Nothing funny happened on the way to the forum, so there goes my excuse for a trite and cliched lead (well, maybe not).
Little that was funny happened at the forum either, but something disappointing did. As one reader, Robin Taylor, put it, the Meet the Bee forum in Sacramento last Tuesday was “hijacked.”
The forum was conceived as a town hall-style meeting at which readers had the opportunity to question Bee executives, presumably on a wide range of issues from a cross-section of the readership. But some members of the Sacramento City Teachers Association had other plans.
What was supposed to have been an hour and a half of questions and answers turned into more than an hour of remarks from speaker after speaker, or more accurately, teacher after teacher. Few audience members with different issues to raise got an opportunity to approach the microphone.
Certainly, the teachers, like any other readers, had every right to come out and speak their minds. The forum was an open invitation, and the teachers took the opportunity to make it clear, in no uncertain terms, that they believe The Bee is unfair in its coverage of their union and remiss in digging into what they charge is misconduct and malfeasance among the board members of the Sacramento City Unified School District.
Their somewhat hostile takeover of the forum presented me with a bit of a dilemma. The teachers are readers of The Bee just like anyone else, and that obligates me to look into their concerns. But the fact that they expressed their views by usurping much of the time at the forum that others could have used to raise different issues was troubling – and not just to me.
Taylor, the reader who said the forum had been hijacked, said she believed the teachers’ comments should have been delivered to a public agency like the school board, the City Council or the Board of Supervisors.
“This was not the appropriate forum for that,” said Taylor, a retired teacher. She added that she was disappointed that she did not get a chance to publicly voice her opinion that The Bee’s editorial pages should establish a voice-mail comment line for readers like herself who find it difficult to type, although she said she was able to speak with Executive Editor Rick Rodriguez about it after the forum.
Speaking of the teachers, she added, “I can understand their anger. If my kids were still in school or I were still teaching I guess I would be just as angered. But I just did not understand how they could fault The Sacramento Bee for its coverage.”
In some ways, I can understand that. No matter what tactics they use to get their point across, the teachers are right when they say The Bee’s education coverage could go deeper. (Let me pause here to remind you, as I stated in my first column, that my wife supervises The Bee’s education writers.)

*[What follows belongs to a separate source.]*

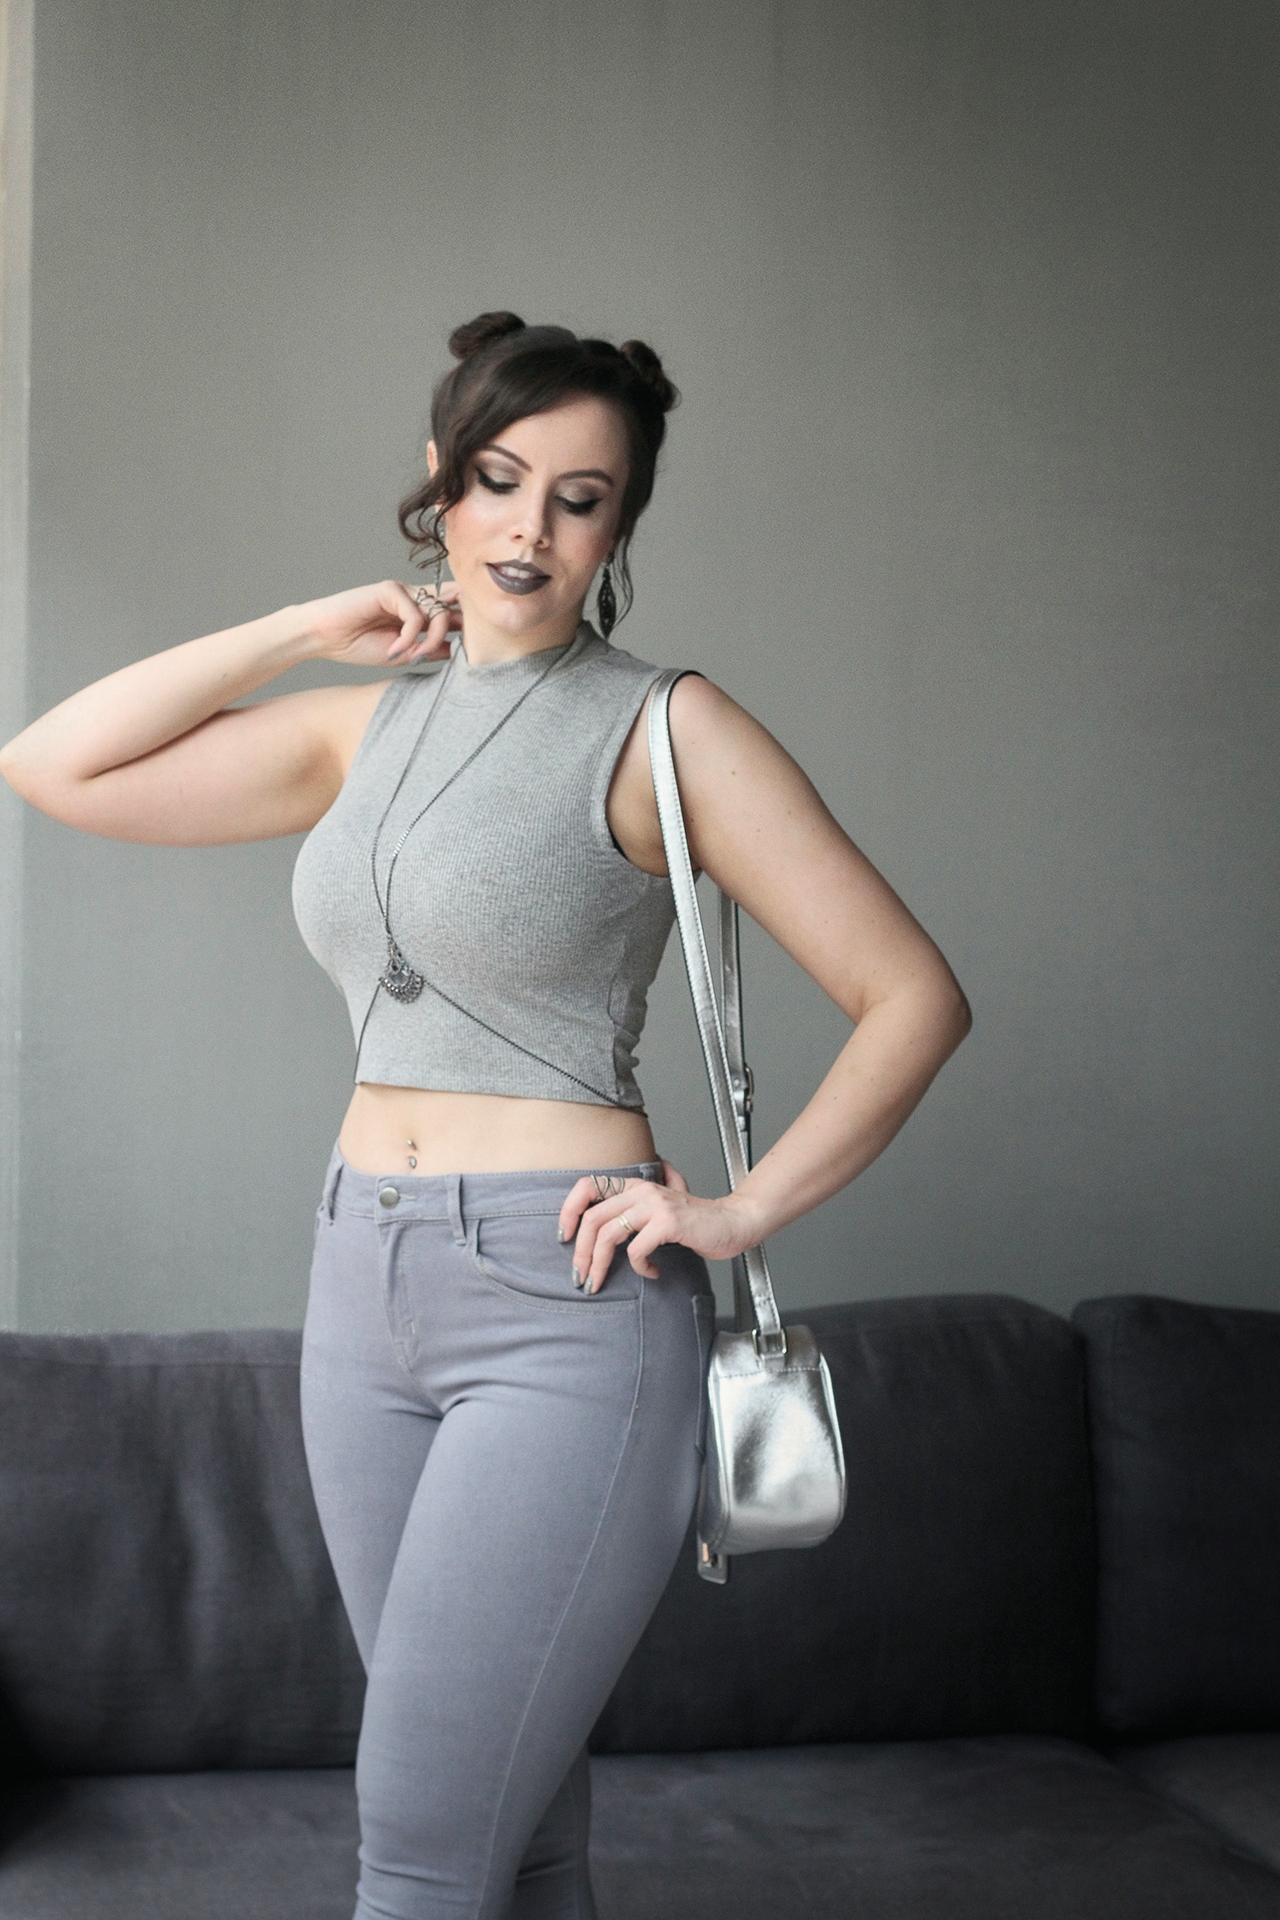 gostei-e-agora-look-total-cinza-groufit-all-gray-bodychain-0010

After the forum ended, one former teacher told me that he believes The Bee’s education coverage often doesn’t go far enough, that it comes up “one step short,” as he put it. After reviewing some recent education articles, I found that he has a valid point.
While he didn’t bring up any specifics, here’s an example: an article last week about the possibility of a teacher’s strike quoted the school district’s chief of staff saying that an impartial panel’s recommendation of 2 percent salary increases retroactive to July 2002 is not feasible because of fiscal restraints. That may be so, but The Bee would have better served its readers by using whole numbers, not percentages, to illustrate the fiscal impact on the district and analyze whether the panel’s recommendation would indeed be financially devastating to the district. Taking the chief of staff’s word for it isn’t enough.
But I find it hard to advocate for readers whose comments descend to demagoguery, like the one teacher who said The Bee fabricates its articles and supports fraud and corruption within the school district. Another described Bee articles with terms like “fairy tales” and “fantasies.”
Peggy Alexander, a teacher at Kennedy High School who did not attend the forum, called to question the effectiveness of some of the union activists’ tactics after she heard accounts of what went on.
“I’m afraid all this negativity weighs on people,” she said.
In my view, the teachers would have been better served had they taken their cue from several advocates for the homeless who showed up to discuss what The Bee could do better. They pointed out that homeless issues often don’t fit neatly into government or media cubbyholes and as a result they get little attention. One sent a follow-up note by e-mail.
“I am an ex-con with over four years clean and sober,” wrote David Husig, a counselor at Sacramento Cottage Housing, Inc., which runs a number of programs for the homeless. “I have been to prison a few times and have turned my life around. I now work as a counselor and have dedicated my life to giving back to the community what was so freely given to me. I don’t see many stories about people like myself who have reached deep down inside themselves and done the right thing. So please let Sacramento know that some of us do succeed.”
Good idea, and one that did not require a show of force.
So after all that, what was the most interesting comment of the night? It was the one from a reader who asked whether he was in the minority in his view that the Classic Peanuts comic strip should be retired. Based on the groans of the audience and a show of hands, he was.